"I knew that the man lied—on my soul, I knew it! But the opportunity he had given me of lowering your value in—in another's eyes was too tempting to resist. The man had told me——"

"In effect, that I was a confirmed and hopeless drunkard," said Saxham; "and, as it happens, he told the truth!" He added: "And what I was then I am now. There is no change in me, though once I thought it!"

"Saxham!... For God's sake, Saxham!" stuttered Julius. But Saxham, hunching his great shoulders, and lowering his square, black head, not at all unlike the savage bull of Lady Hannah Wrynche's apt comparison, went on:

"It is a drunken world we live in, Parson, for all our sham of abstinence and sobriety. But there are nice degrees and various grades in our drunkenness, as in our other vices, and the man who is a druggard despises the common drunkard; and the sippers of ether look down with infinite contempt—or, more ludicrous still, with tender, pitying sorrow, upon the toper and the slave of morphia and cocaine, and take no shame in seeing the oxygenated greyhound win the coursing-match and the oxygenated racehorse run for the Cup! A year or so, and the Transatlantic oxygen-outfit will be an indispensable equipment of the British athlete. Even to-day the professional footballer and cricketer, runner and swimmer, inhale oxygen as a preliminary to effort, and bring the false energy that is born of it to aid them in their trial tests of strength. The man who scales an Alpine summit winds himself up with a whiff or so; the orator, inspired by oxygen, astonishes the House of Commons or the Bar. And the actor, delirious with oxygen, rushes on the stage; and the clergyman, drunk on oxygen, mounts the pulpit to preach a Temperance sermon. And the Dop Doctor of Gueldersdorp prescribes palliatives for guinea-paying tipplers; and there is not an honest man to rise up and say: 'Physician, heal thyself!'"

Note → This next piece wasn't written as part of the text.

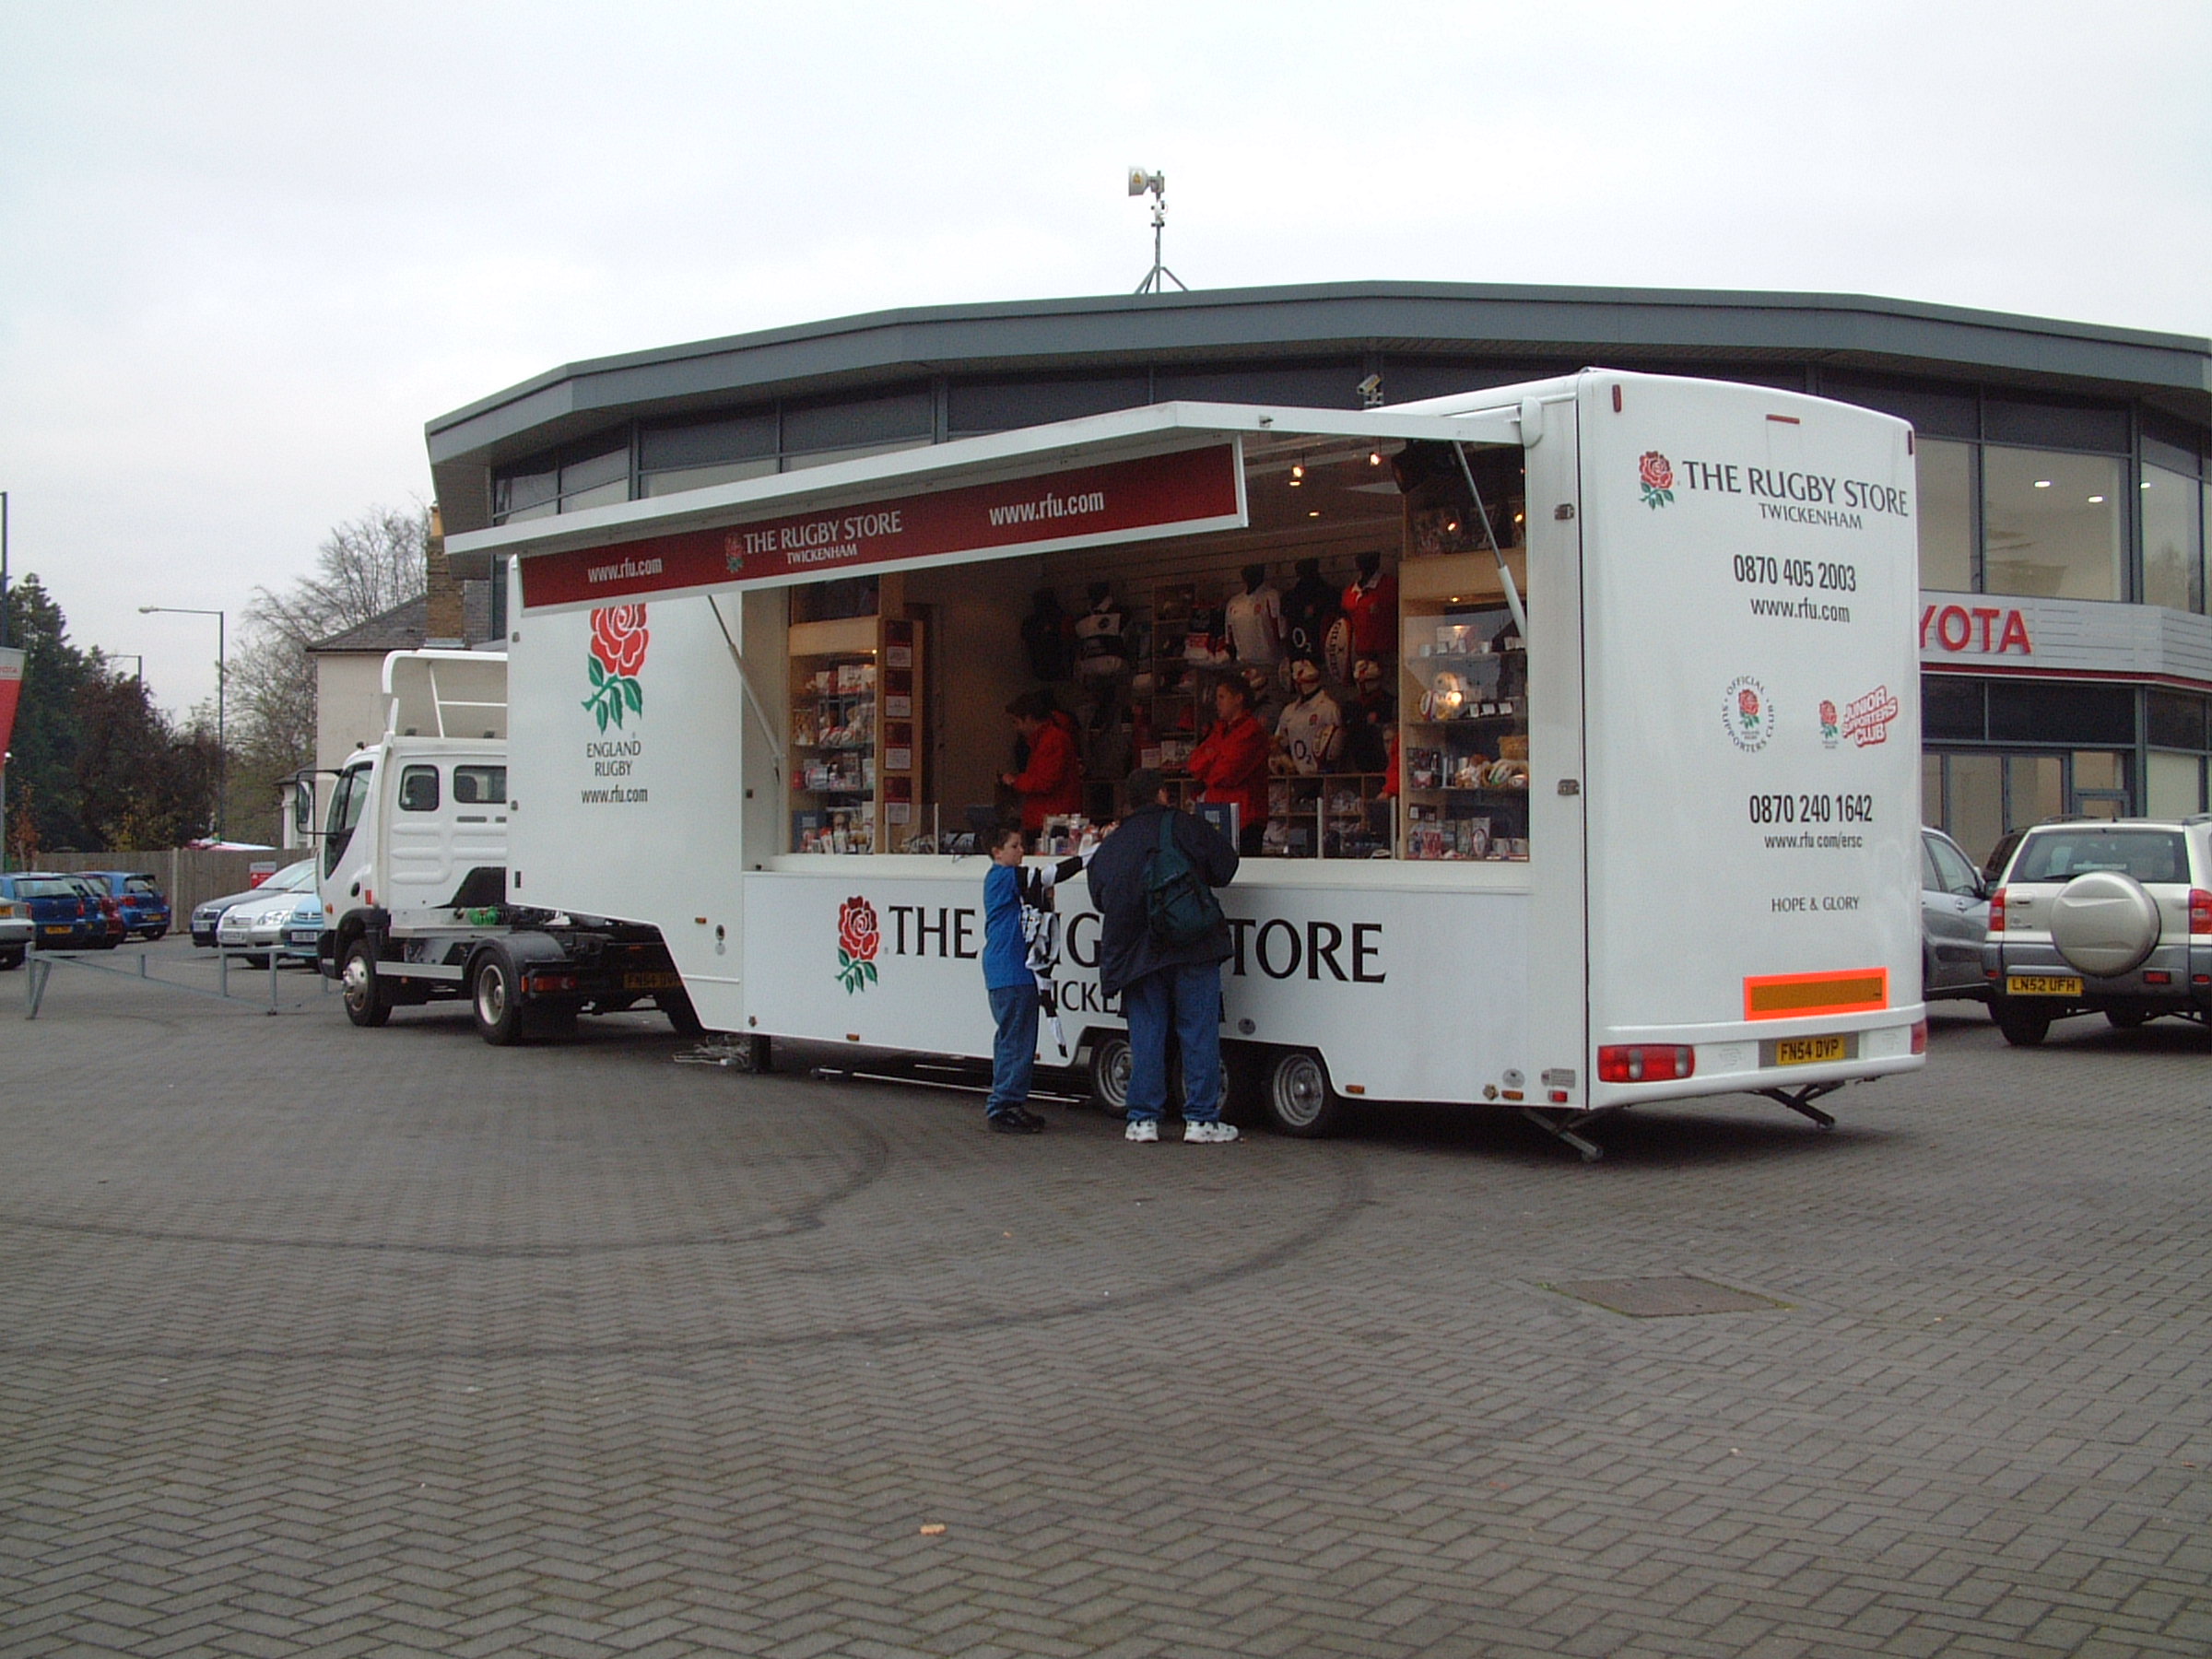 England Rugby Mobile merchandising unit set up nearside view

The Windsor chair creaked under Saxham's heavy figure as he got up. His fierce blue eyes blazed in their sunken caves as he took his hat and stick from the table.

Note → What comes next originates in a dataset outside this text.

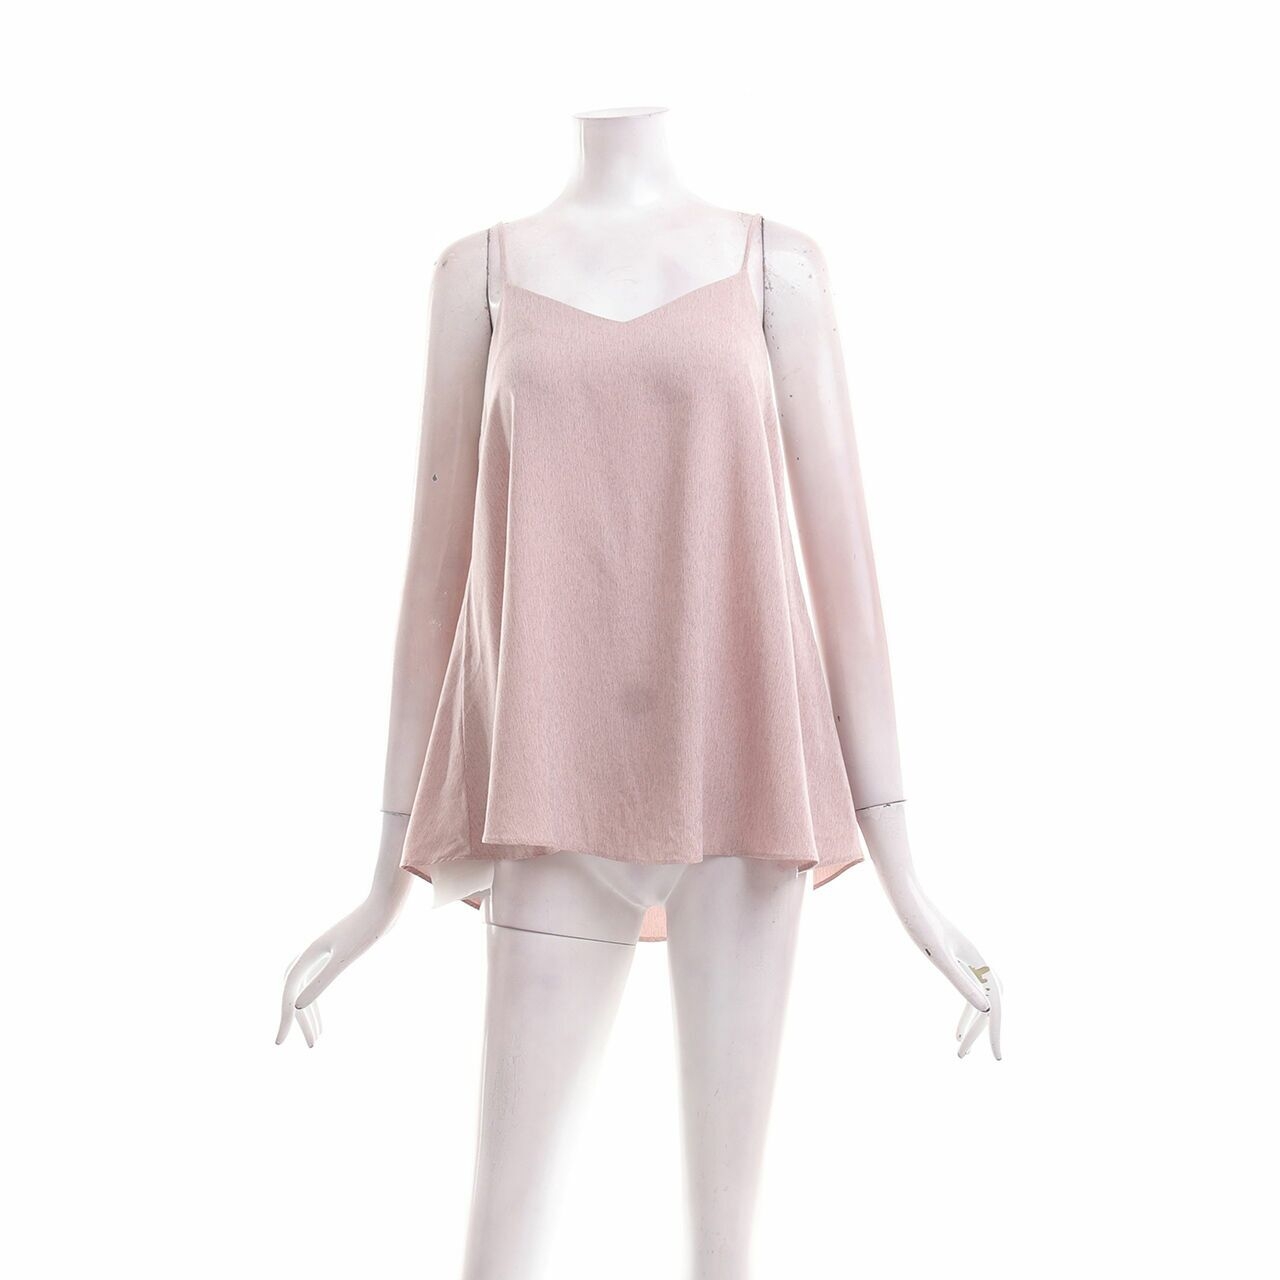 Krom Collective Pink Sleeveless

"What more have you to 'confess'? You did not wrong me. Moralists would say that you acted conscientiously—played the part of a true friend in telling—her—what you knew!"

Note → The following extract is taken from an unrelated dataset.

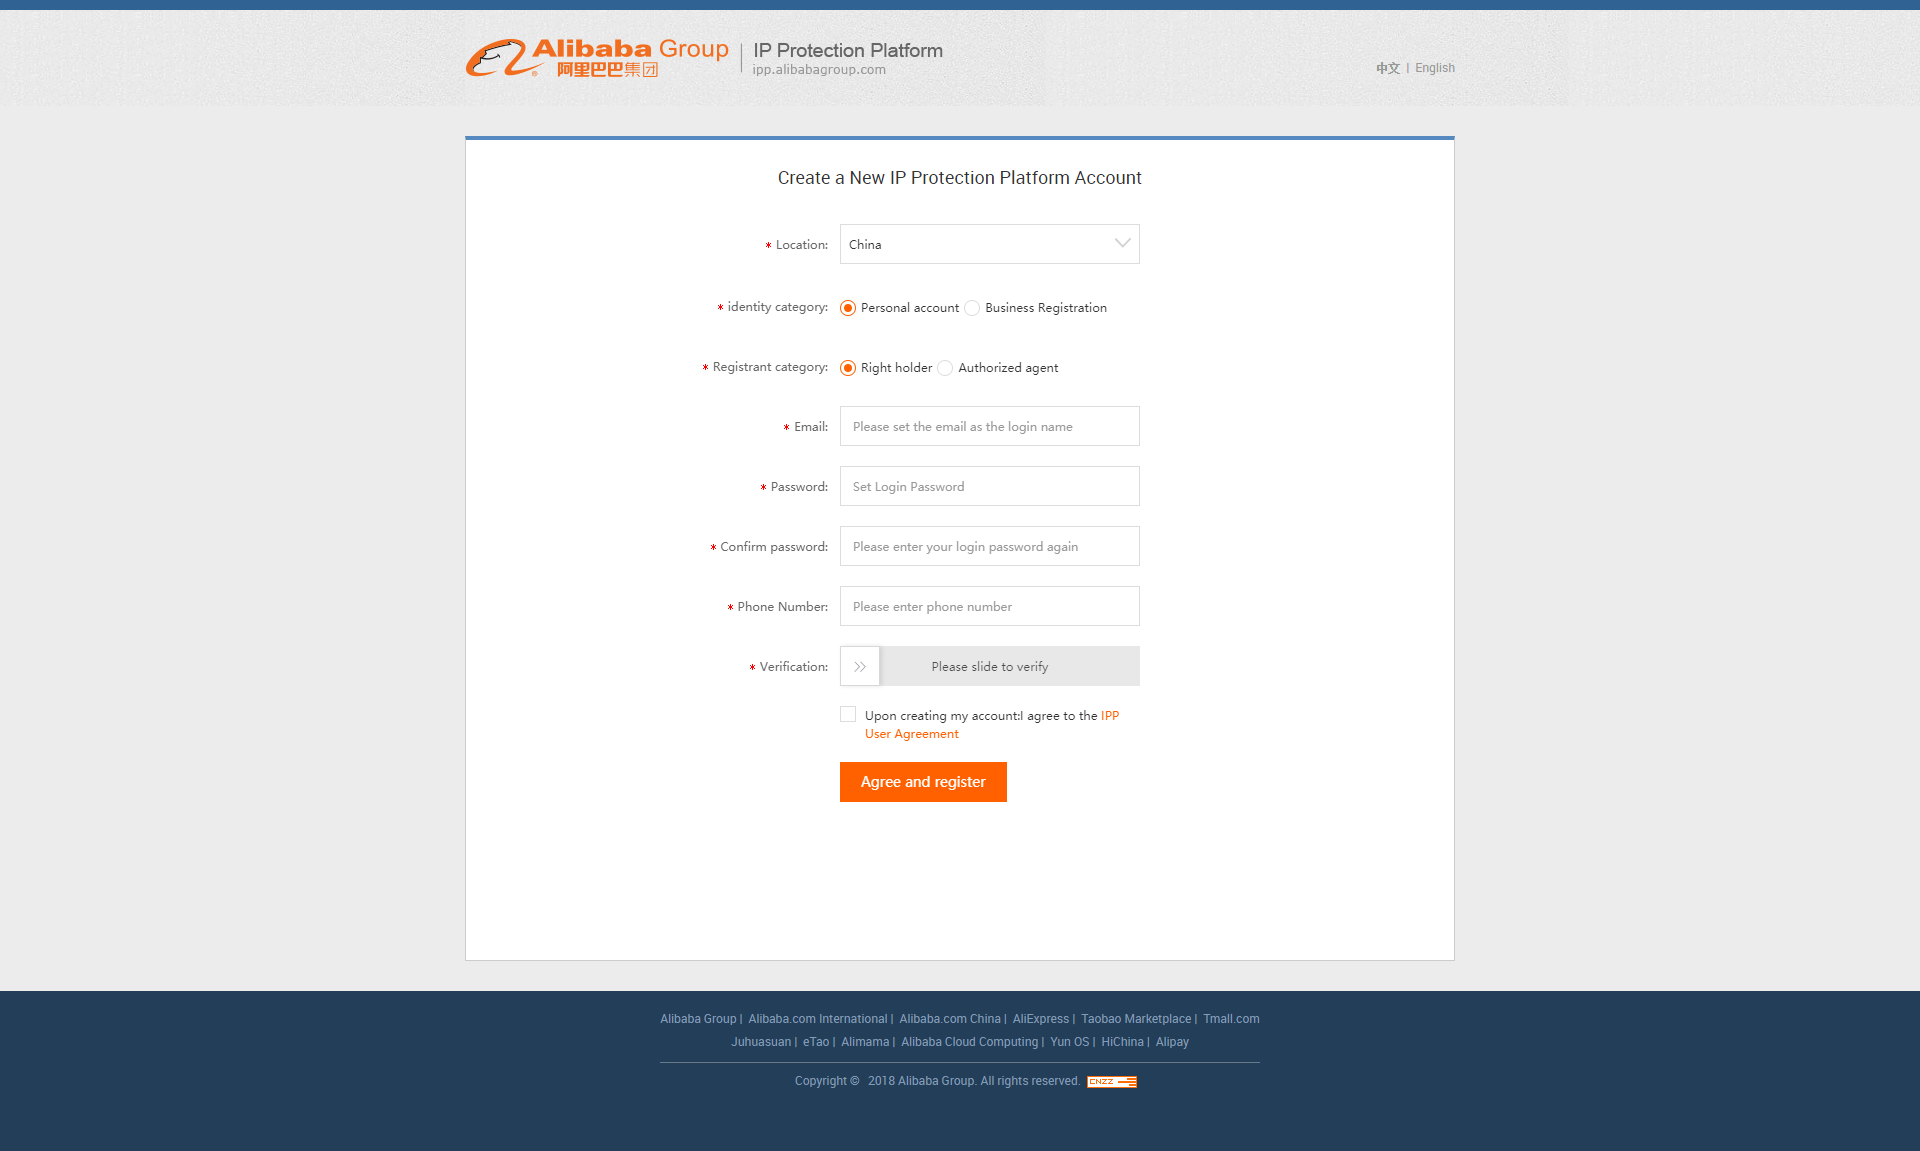 Alibaba's register account page

"Of my benefactor—the man who had saved my life!" Julius moistened his dry lips. "Your approving moralist would be the devil's advocate. But I have not forgotten what your own opinion is of the man who tries to enhance his own virtues in a woman's eyes by pointing out the vices of a rival. And, if you will believe me, I was punished for the attempt. Her look of surprise ... the tone in which she said, 'Did he not save your life?' that was enough!... Then I—I lost my head, and told her that I loved her—entreated her to be my wife, only to learn that she never had—never could——" Julius's thin white fingers knotted themselves painfully at the back of his stooped head, and his voice came in jerks between his gritted teeth: "It was revolting to her—a girl reared among nuns in a Catholic Convent—that a man calling himself a priest should speak to her of love. There was absolute horror in her look as she learned the truth." He groaned. "I have never met her eyes since that day without seeing—or imagining I saw—some reflection of that horror in them!"

"Why torture yourself uselessly with imaginations?" said Saxham, not unkindly.

He was at the door, upon the threshold of departure, when Julius stopped him.